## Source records

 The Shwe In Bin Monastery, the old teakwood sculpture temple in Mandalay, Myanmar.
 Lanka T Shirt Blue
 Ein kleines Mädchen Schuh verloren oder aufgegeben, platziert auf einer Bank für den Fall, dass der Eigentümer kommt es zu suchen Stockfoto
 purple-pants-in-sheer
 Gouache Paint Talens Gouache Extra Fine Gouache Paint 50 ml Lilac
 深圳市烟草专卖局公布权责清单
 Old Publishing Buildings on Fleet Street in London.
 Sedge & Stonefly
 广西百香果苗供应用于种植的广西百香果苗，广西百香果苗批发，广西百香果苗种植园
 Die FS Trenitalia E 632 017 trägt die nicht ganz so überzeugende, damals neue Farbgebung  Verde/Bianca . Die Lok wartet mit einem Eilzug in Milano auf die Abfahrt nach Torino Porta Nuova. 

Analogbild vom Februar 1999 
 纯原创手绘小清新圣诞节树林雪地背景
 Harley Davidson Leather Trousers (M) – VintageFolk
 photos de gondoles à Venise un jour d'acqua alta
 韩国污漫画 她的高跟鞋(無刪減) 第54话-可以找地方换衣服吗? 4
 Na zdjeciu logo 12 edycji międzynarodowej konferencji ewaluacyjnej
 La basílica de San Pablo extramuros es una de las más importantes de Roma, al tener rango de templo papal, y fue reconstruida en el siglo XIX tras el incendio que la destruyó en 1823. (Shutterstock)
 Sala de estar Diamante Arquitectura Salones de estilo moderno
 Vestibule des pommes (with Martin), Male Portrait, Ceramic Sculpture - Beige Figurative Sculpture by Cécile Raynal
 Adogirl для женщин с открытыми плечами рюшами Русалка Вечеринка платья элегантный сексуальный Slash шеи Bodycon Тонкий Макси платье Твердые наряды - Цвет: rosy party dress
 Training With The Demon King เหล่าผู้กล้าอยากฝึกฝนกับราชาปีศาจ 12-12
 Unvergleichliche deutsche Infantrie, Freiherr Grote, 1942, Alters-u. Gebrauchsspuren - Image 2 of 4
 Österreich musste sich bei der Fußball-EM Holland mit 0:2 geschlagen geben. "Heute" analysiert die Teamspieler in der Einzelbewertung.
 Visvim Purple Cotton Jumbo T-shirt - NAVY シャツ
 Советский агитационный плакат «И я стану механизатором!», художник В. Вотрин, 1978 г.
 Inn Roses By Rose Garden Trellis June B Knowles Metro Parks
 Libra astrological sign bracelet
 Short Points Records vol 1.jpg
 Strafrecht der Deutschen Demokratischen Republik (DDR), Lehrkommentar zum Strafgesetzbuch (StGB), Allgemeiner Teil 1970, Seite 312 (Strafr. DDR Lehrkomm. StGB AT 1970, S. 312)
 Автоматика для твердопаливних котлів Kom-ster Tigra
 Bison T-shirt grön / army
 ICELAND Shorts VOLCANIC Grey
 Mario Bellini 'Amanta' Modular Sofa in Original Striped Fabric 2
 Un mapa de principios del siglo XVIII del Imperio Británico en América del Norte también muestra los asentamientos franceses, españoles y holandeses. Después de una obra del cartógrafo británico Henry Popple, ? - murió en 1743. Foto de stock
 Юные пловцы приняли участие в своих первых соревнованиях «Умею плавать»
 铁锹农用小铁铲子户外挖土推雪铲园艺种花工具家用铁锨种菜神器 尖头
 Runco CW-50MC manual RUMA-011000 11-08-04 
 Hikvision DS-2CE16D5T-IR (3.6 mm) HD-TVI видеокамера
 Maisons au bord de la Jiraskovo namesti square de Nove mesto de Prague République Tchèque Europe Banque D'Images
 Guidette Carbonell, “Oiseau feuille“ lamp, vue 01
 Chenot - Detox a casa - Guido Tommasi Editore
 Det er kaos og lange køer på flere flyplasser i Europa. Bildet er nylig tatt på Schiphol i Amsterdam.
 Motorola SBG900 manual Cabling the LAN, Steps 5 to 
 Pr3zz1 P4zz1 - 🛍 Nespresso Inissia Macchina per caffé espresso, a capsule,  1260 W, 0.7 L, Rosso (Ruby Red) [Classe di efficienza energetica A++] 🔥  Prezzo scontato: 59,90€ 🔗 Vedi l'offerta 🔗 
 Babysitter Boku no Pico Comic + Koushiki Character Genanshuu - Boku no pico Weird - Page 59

## EXERCISE
As the answer, set down only the lines from the data above between the one holding "Gouache Paint Talens" and the one holding "Die FS Trenitalia", inclusive, exactly as they read.

## WRITTEN ANSWER
 Gouache Paint Talens Gouache Extra Fine Gouache Paint 50 ml Lilac
 深圳市烟草专卖局公布权责清单
 Old Publishing Buildings on Fleet Street in London.
 Sedge & Stonefly
 广西百香果苗供应用于种植的广西百香果苗，广西百香果苗批发，广西百香果苗种植园
 Die FS Trenitalia E 632 017 trägt die nicht ganz so überzeugende, damals neue Farbgebung  Verde/Bianca . Die Lok wartet mit einem Eilzug in Milano auf die Abfahrt nach Torino Porta Nuova. 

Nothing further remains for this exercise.